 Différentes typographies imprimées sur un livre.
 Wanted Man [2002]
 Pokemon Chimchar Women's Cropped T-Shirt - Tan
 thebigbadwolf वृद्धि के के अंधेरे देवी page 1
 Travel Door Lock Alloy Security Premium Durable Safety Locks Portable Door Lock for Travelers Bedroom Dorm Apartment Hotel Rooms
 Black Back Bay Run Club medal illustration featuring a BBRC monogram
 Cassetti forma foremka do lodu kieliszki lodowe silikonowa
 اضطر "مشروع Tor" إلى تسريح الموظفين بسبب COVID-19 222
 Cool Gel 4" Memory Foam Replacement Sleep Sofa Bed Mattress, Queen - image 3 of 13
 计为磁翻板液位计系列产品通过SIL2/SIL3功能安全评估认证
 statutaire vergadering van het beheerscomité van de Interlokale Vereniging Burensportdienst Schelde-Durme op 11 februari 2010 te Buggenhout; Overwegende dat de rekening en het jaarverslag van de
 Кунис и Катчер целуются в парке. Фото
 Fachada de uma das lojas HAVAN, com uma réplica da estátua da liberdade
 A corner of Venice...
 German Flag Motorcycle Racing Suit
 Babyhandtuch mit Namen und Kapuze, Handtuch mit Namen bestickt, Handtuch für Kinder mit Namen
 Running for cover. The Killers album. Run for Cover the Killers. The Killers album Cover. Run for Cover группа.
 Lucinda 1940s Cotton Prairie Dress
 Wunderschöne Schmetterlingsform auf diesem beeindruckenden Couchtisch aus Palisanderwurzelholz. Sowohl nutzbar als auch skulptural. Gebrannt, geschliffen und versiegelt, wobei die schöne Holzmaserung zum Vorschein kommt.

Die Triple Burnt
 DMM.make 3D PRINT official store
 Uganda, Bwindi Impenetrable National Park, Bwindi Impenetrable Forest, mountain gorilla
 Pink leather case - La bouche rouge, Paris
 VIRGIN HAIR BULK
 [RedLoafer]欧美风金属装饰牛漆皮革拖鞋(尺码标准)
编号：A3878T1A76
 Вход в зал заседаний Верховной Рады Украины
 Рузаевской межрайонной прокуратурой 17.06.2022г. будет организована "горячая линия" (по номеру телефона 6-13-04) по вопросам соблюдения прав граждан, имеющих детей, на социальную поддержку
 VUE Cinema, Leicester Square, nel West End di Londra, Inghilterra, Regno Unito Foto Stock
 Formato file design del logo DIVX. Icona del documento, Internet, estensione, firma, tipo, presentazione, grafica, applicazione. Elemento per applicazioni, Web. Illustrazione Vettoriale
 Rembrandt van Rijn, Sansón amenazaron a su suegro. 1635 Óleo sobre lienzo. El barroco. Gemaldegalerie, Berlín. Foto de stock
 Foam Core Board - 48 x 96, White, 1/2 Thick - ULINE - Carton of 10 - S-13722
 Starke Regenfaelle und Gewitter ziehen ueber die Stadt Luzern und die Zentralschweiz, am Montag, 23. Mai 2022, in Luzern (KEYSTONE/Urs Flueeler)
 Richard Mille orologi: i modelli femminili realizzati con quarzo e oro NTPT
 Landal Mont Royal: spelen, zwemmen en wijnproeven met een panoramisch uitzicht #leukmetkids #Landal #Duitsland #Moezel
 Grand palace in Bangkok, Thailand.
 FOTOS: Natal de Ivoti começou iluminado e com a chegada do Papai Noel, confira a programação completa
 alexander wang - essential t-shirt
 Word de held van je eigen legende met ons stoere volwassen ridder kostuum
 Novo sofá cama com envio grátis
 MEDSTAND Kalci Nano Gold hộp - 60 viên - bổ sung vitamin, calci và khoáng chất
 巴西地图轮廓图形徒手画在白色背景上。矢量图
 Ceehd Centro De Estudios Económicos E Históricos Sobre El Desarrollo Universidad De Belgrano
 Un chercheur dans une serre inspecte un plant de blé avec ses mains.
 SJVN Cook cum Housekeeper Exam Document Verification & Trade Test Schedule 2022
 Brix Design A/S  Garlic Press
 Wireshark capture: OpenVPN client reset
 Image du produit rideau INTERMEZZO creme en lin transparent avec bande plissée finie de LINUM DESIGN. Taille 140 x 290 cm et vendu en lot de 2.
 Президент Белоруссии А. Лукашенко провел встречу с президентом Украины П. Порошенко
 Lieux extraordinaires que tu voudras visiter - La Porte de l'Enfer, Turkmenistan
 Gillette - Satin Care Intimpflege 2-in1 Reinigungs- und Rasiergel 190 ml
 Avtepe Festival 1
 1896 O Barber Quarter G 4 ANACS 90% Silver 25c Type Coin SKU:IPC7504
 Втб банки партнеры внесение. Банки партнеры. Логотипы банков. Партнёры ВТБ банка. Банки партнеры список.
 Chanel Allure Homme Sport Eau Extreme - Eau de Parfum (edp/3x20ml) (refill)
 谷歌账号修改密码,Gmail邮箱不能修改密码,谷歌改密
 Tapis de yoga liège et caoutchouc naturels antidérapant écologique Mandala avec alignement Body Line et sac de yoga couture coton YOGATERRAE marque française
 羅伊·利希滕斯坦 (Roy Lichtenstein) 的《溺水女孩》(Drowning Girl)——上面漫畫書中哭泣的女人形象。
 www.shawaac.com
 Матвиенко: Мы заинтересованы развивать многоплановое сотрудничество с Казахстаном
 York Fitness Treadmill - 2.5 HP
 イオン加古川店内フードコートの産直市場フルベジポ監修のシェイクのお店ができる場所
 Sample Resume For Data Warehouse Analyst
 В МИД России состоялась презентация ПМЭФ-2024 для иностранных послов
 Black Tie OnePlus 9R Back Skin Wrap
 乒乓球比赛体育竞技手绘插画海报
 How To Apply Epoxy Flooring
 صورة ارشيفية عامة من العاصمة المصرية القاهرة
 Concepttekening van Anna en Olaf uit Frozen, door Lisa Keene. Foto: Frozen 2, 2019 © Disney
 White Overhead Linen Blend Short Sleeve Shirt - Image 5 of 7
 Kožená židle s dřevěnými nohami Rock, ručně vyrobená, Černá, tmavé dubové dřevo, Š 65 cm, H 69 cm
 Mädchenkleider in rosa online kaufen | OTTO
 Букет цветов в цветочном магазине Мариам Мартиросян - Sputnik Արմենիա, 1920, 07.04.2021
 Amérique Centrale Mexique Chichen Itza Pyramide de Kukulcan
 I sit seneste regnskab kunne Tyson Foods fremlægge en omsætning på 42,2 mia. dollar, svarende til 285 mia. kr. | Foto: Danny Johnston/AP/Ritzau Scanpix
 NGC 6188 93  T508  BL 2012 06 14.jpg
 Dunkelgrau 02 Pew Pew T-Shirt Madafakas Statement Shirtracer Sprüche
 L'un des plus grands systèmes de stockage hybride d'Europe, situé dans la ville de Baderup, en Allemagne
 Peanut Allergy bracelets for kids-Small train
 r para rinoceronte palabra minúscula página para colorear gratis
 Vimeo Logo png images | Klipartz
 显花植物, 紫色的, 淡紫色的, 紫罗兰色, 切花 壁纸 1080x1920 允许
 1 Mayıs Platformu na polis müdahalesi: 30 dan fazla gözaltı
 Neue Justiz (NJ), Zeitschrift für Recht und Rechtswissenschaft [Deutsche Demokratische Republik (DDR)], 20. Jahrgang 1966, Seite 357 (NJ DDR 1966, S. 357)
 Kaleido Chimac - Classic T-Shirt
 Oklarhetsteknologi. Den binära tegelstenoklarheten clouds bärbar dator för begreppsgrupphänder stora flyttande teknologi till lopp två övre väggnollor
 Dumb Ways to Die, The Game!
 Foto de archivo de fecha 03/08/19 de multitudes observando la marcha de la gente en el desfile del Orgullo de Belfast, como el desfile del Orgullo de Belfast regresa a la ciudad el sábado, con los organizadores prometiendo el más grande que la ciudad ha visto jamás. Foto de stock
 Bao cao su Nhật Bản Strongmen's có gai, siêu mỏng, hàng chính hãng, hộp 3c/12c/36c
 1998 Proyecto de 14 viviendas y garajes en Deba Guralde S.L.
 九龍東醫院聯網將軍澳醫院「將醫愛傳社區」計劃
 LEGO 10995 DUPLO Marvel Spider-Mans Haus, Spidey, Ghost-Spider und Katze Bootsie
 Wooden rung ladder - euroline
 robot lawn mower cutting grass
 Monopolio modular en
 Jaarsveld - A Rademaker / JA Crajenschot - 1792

##########

▶ TASK GOAL: Among the entries above, find the line with "羅伊·利希滕斯坦 (Roy Lichtenstein)" and the line with "乒乓球比赛体育竞技手绘插画海报"; give again exactly these two lines and all lines between them.

▶ RESPONSE TO THIS TASK:
 羅伊·利希滕斯坦 (Roy Lichtenstein) 的《溺水女孩》(Drowning Girl)——上面漫畫書中哭泣的女人形象。
 www.shawaac.com
 Матвиенко: Мы заинтересованы развивать многоплановое сотрудничество с Казахстаном
 York Fitness Treadmill - 2.5 HP
 イオン加古川店内フードコートの産直市場フルベジポ監修のシェイクのお店ができる場所
 Sample Resume For Data Warehouse Analyst
 В МИД России состоялась презентация ПМЭФ-2024 для иностранных послов
 Black Tie OnePlus 9R Back Skin Wrap
 乒乓球比赛体育竞技手绘插画海报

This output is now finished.